I had the great joy (and agony) of doing a PhD in Creative Writing (University of Adelaide, 2007) – which resulted in two books, my novel End of the Night Girl, and a non-fiction book, Navigating the Kingdom of Night.
The critic Theodor Adorno once famously proclaimed that ‘To write poetry after Auschwitz is barbaric’. He made this proclamation in 1949, at a time when high-ranking Nazis faced the Nuremberg Trials; when the world was watching newsreels of bodies in pits and walking skeletons in striped pyjamas; when the Holocaust was a recent, raw and stunning event; and when the victims faced a disbelieving world and the perpetrators a divided, beaten and shamed homeland. Adorno’s statement, made so soon after the horrors, still resonates today and can be applied critically to all imaginative literature about the Holocaust.
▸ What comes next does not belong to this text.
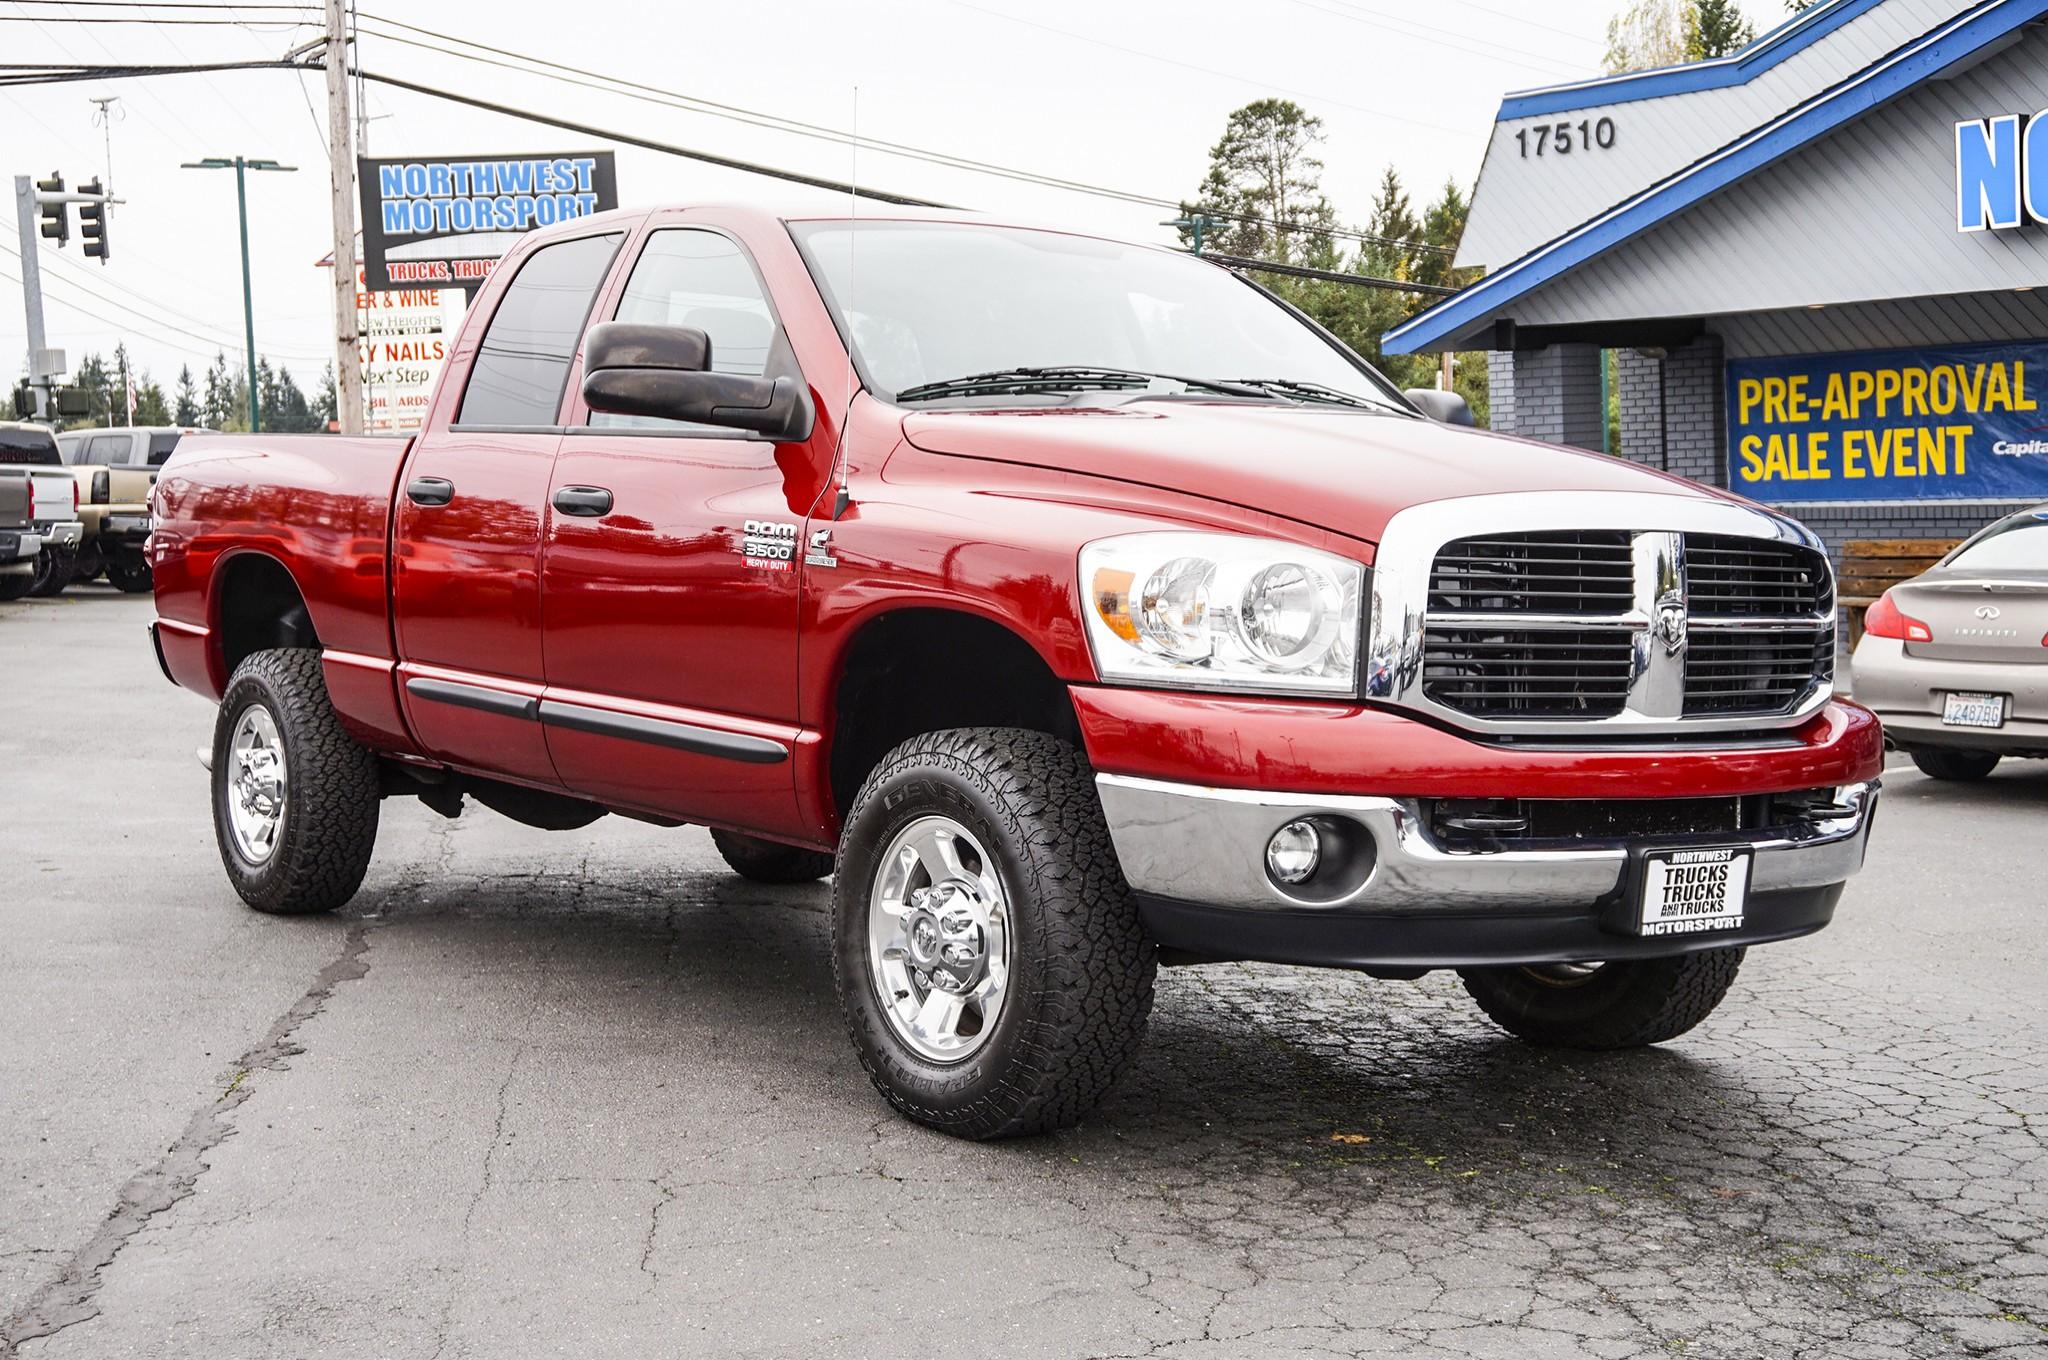 used 2007 dodge ram 3500 4x4 diesel truck for sale 35880. Black Bedroom Furniture Sets. Home Design Ideas

Critics, historians and Holocaust survivors have argued for decades over whether the Holocaust should be accessible to fiction and, if so, who has the right to write those fictions. Navigating the Kingdom of Night addresses such concerns and analyses various literary strategies adopted by authors of Holocaust fiction, including the non-realist narrative techniques used by authors such as Yaffa Eliach, Jonathan Safran Foer and John Boyne and the self-reflexivity of Art Spiegelman. Matthews frames the discussion by self-examining her experience as an author of a Holocaust fiction.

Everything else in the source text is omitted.